Archivio per dicembre, 2021

Chiara era mora e faceva girare le teste. Chiara era finita nei cinquantuno del Piolet. Chiara riusciva a respirare solo in salita, dormiva bene solo accovacciata su una cengia, e sentiva forte la vita solo quando se la giocava ai dadi sulla punta dei polpastrelli. Solo era anche la parola preferita di Chiara. Per lei una cosa era solo o non era. Io invece. Appena dopo i trentacinque avevo già in testa un mocio sale e pepe. Pepe, si fa per dire. E le teste rimanevano fisse. A guardare altrove. Avevo iniziato a scalare tardissimo, dopo decenni di subacquea. La chiamavo verticalità inversa, che faceva fico. Detta così sembrava qualcosa di propedeutico. Di exploit, nomine, premi, nemmeno a parlarne. Ma soprattutto, dopo dieci anni di strizza, mezze chiamate della signora oscura, e un fulmine che mi aveva lasciato sorda per tre mesi, io avevo chiuso. Di alpinismo volevo sentirne parlare sì. Sui social network, però. In televisione, le due o tre volte l’anno in cui Alex mi convinceva ad accenderla. Quell’inverno sognavo già la mia muta nuova. Il tuffo morbido nella verticalità inversa. E questo anche se l’unica volta in cui me l’ero vista davvero brutta era stata a meno quaranta. Metri.

Quindi perché proprio io? Perché Chiara continuava a insistere?
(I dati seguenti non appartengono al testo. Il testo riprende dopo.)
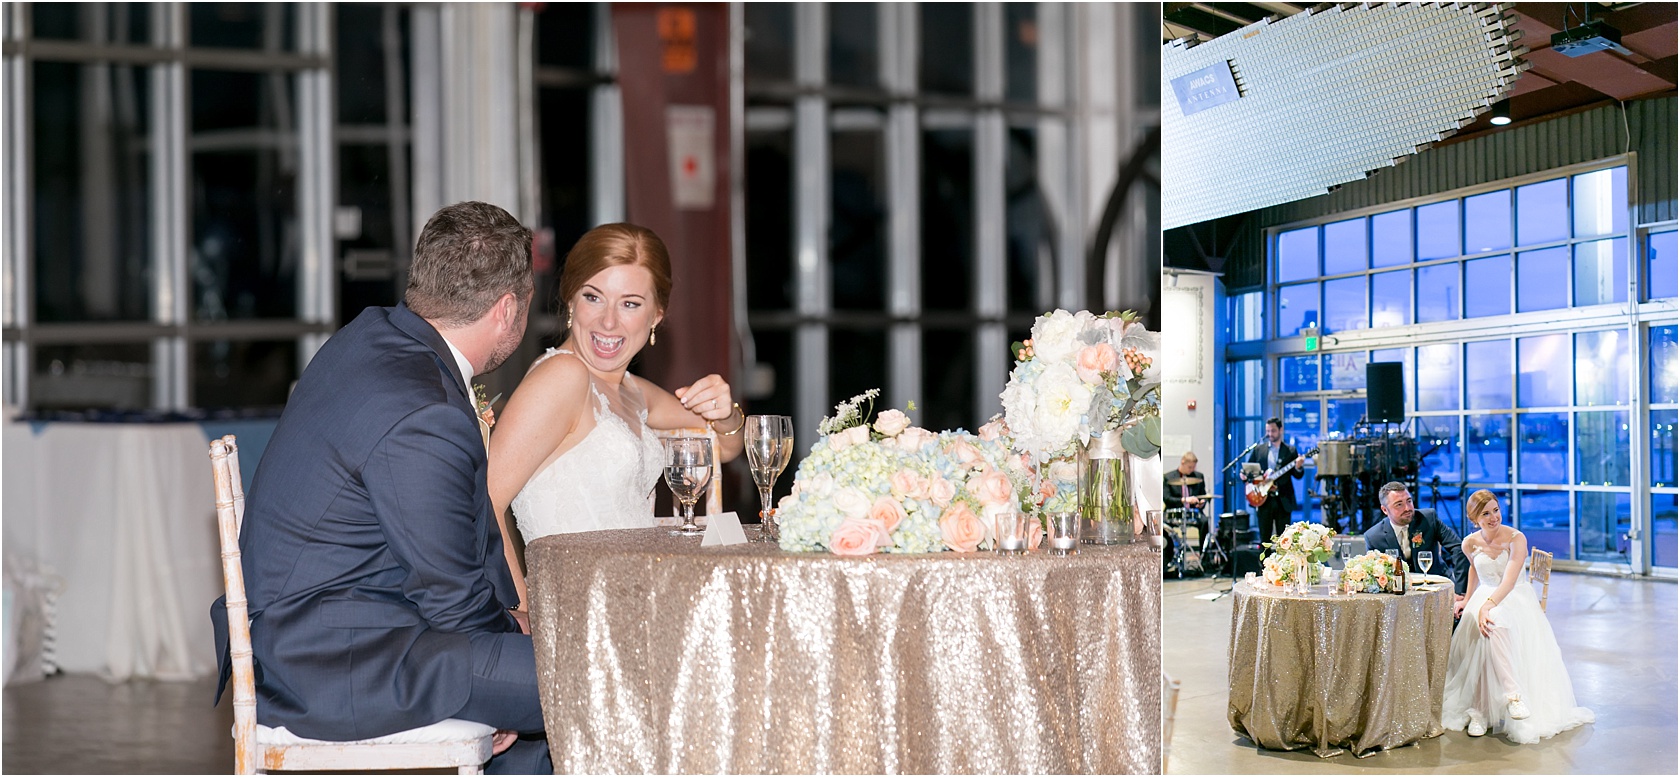 Rowland Baltimore Museum of Industry Wedding Living Radiant Photography photos_0148.jpg

Con tutta la gente che sbrodolava per accompagnarla in capo al mondo. Uomini e donne. Perché voleva me per quella parete maledetta?

“La possiamo salire solo così.” Solo. Appunto. E al telefono aveva quella voce lì, quella che conoscevo. Quella che ti lasciava sul palato il sapore ferroso della paura ancora prima di riuscire a rispondere.

“Non lo so. Sto attraversando una fase strana.” Se la prendevo da lontano, magari riuscivo a fare breccia. “Sono completamente disallineata rispetto ai miei desideri. Hai presente?” Il gorgo mugugnante significava che no, non aveva presente. “Quando vuoi essere da qualche parte, ti sforzi e poi finalmente ci sei. Ma appena ci sei ti accorgi che vorresti essere altrove.”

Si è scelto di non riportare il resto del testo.